In the paper presentation the phrase "non-von neumann" architecture is a hint at the applications that may be useful.
And while we are on the subject, the quantum d-wave talk was fascinating...!
I stopped reading TFA (Score:1)
It's so full of scripts that keep phoning home the annoyance couldn't possibly justify the maximum possible value gainable from reading the content.
O(n^2)? (Score:3, Insightful)
I suppose that was meant to say O(2^n)? Emulating an NFA on a DFA requires exponentially more either memory or time.
Re: (Score:1)
with n^2 we wouldn't have the NP = P problem^^
Re: (Score:2)
Somewhat similar. Also resembling WISARD [emeraldinsight.com], which used RAM like a neural network.
The essential point to think about is that a 1GB RAM can act as a cellular automaton with a billion cells. There's no algorithmic complexity to defeat because there's no algorithm. Of course the harder the problem gets, the more cells you need....
wonder how it compares to GPGPU (Score:5, Interesting)
There is some [sigcomm.org] existing work [github.io] on the same basic idea of massively parallelizing regex matching by doing all the NFA branches in parallel, but using a GPU. Now a GPU is not necessarily perfectly suited to this problem, but it does have the advantage of being a mass-market consumer product, which produces economies of mass-market scale that let the average GPU have a ton more processing units and RAM than this Automata processor does. Would be interesting to see if an NFA-specialized processor gets enough of a speedup to overcome the manufacturing advantage of just throwing a beefy GPU at the problem.
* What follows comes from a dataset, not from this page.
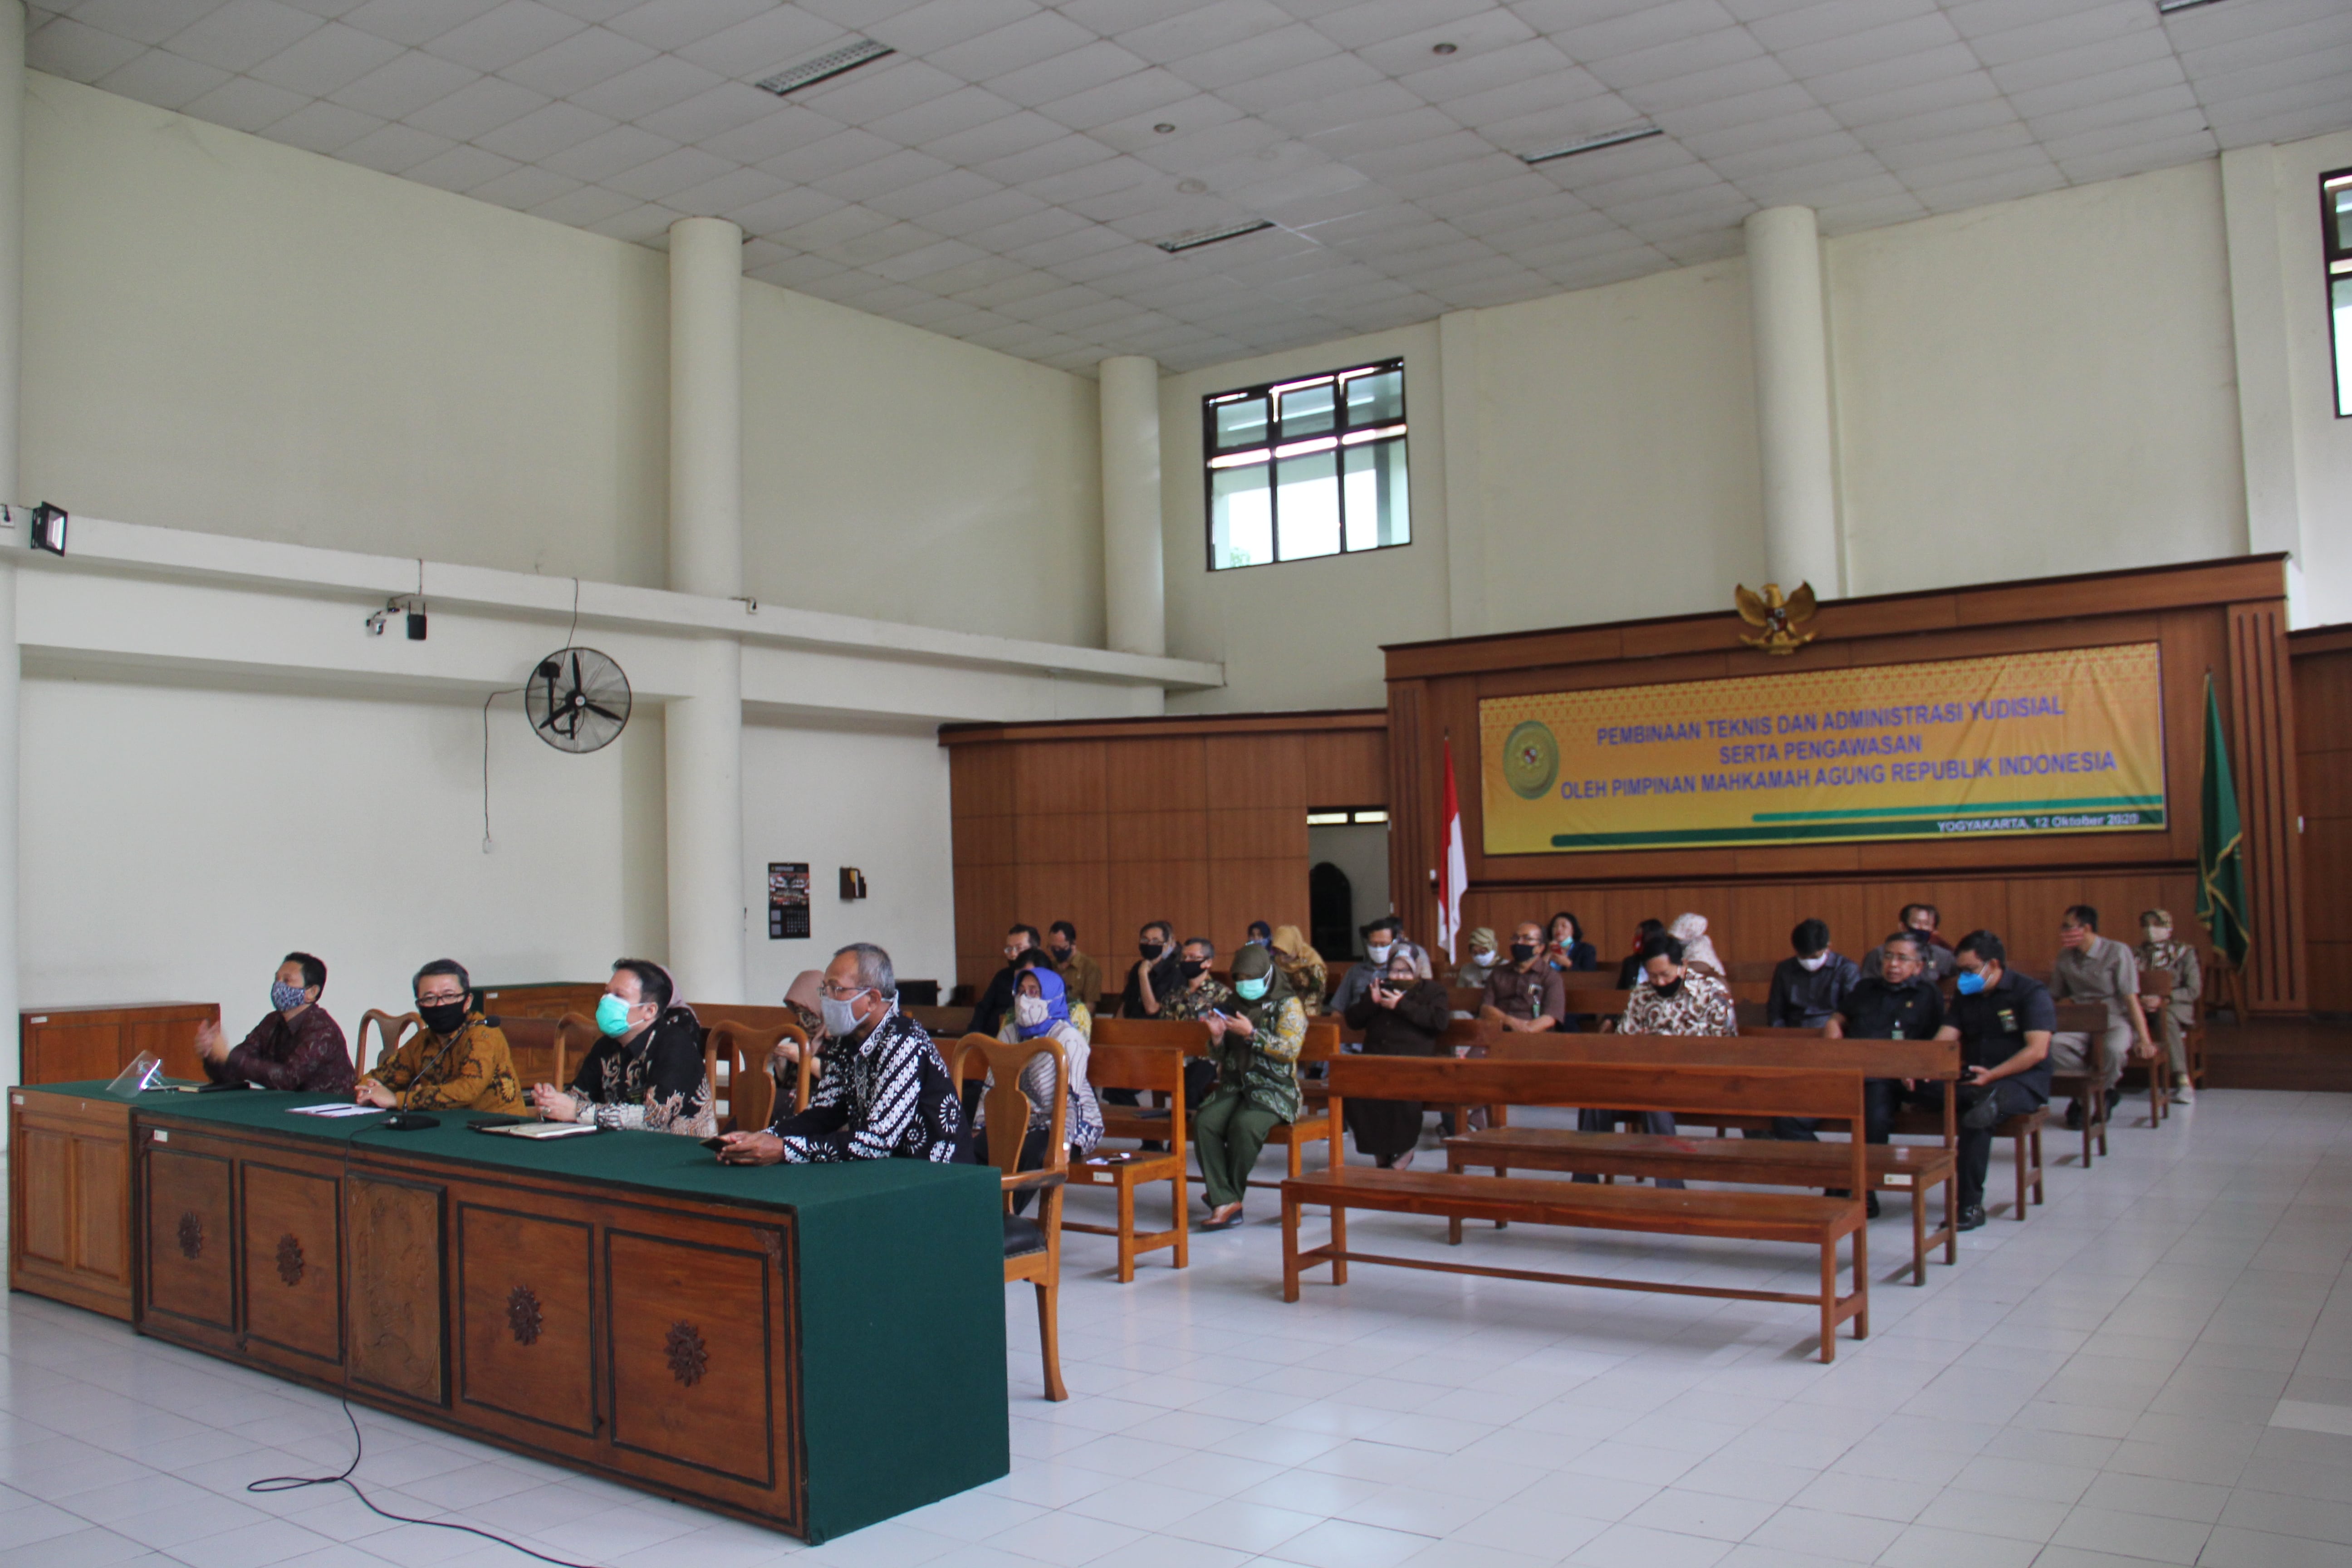 Pembinaan Teknis dan Administrasi Yudisial Serta Pengawasan oleh Pimpinan Mahkamah Agung Republik Indonesia secara Virtual
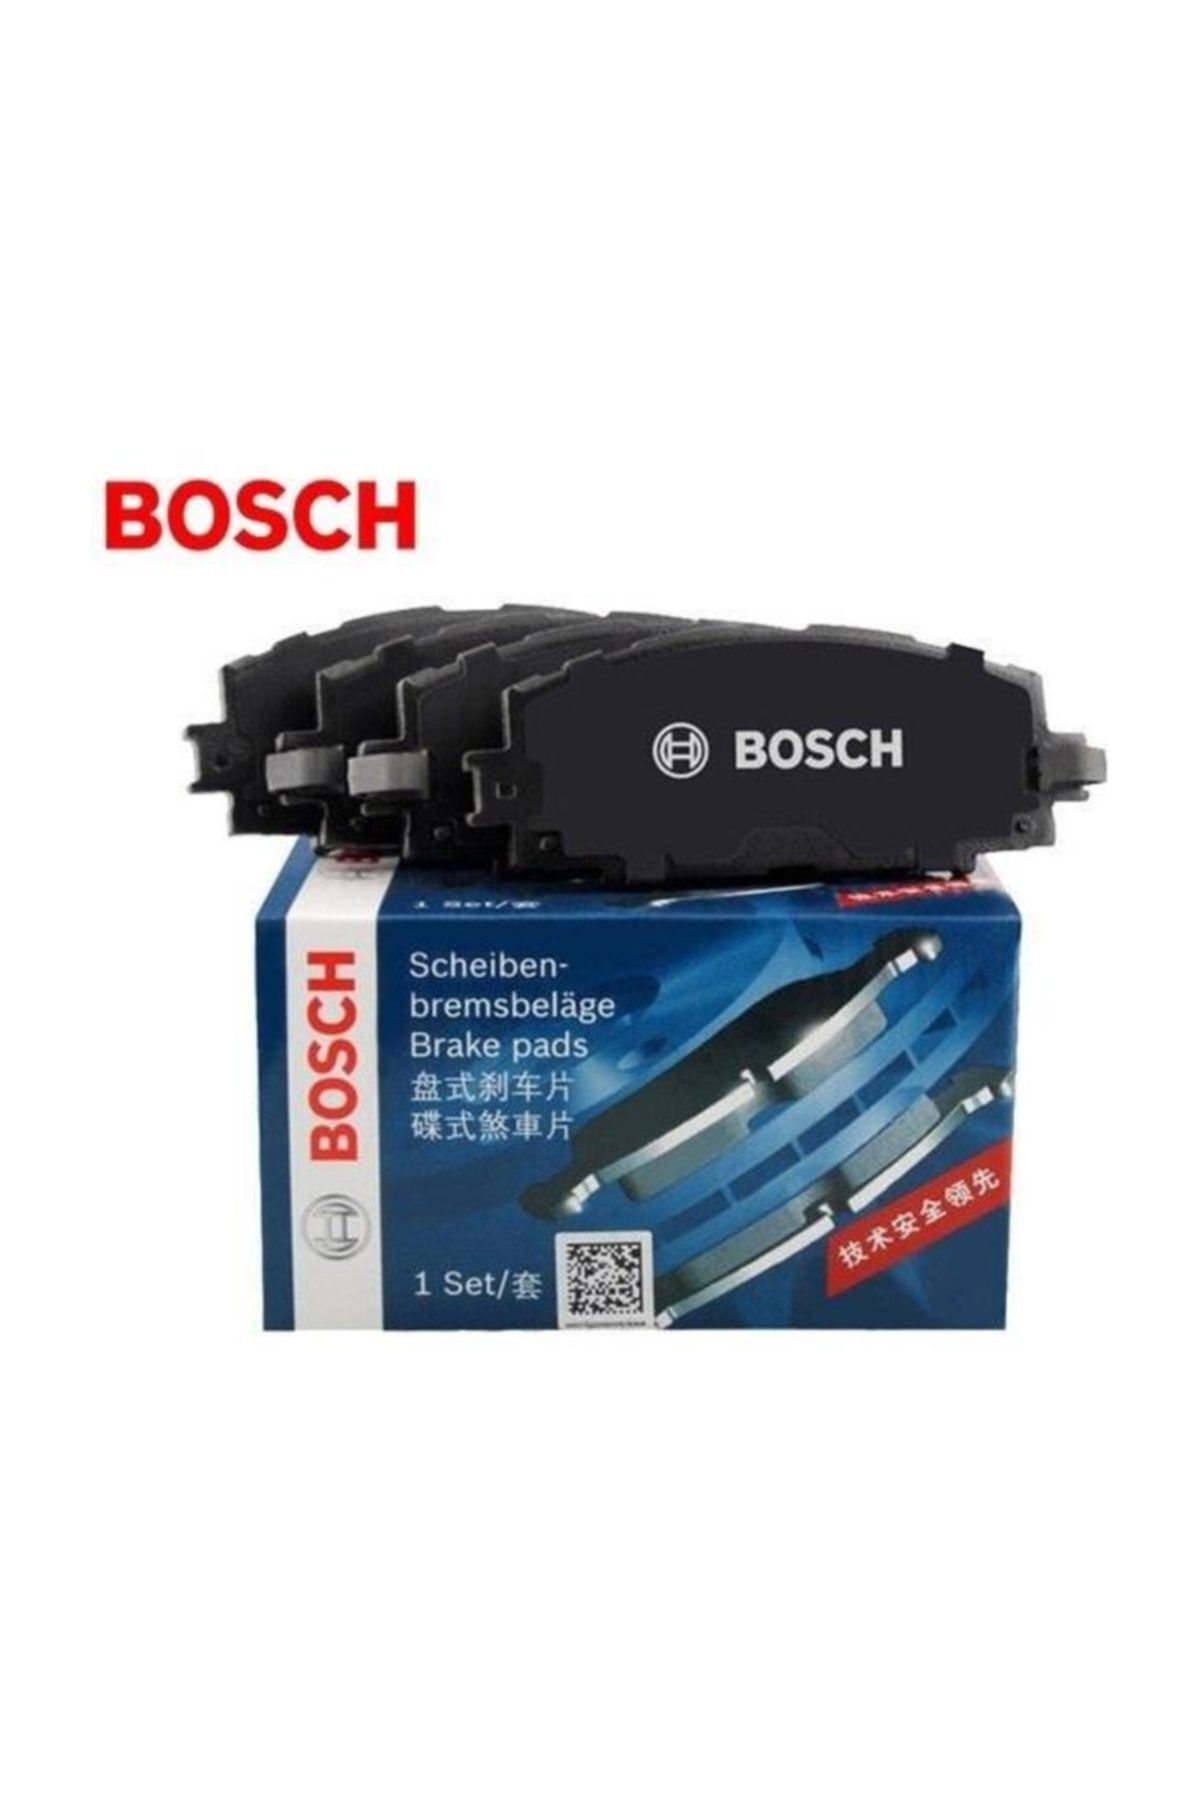 Bosch Doğan Kartal Şahin Serçe Ön Fren Balatası M131 Bosch Marka

Speeding up the wrong algorithm again? (Score:5, Interesting)
I skimmed over the article, but I couldn’t tell: Is this another example of someone choosing an O(n^2) algorithm over an equivalent O(n log n) algorithm and then patting themselves on the back because they speed up the O(n^2) algorithm through parallelism, even though it’s still slower than the O(n log n) on a single processor?
I can’t tell because they go on about NFA’s, which would be exponential in time compared to DFA’s. That’s a totally different thing.
Space for Time Trade-off (Score:1)
From a brief scan, this is an interesting Space-time tradeoff [wikipedia.org]. Definitely has close physical limits to scaling, and we're not that strong algorithmically on what to do with this type of chip. Should be good Ph.D. material for a few years at least.
No, it cannot hide O(n^2).... (Score:2)
O(n^2) is the complexity of the problem, not that one of the implementation. That means it is impossible to hide it. This thing just gives some level of parallelism, hence the performance looks a bit better. It is still O(n^2) and when the NFA expands the search tree beyond that parallelism, the thing is back to plain quadratic behavior.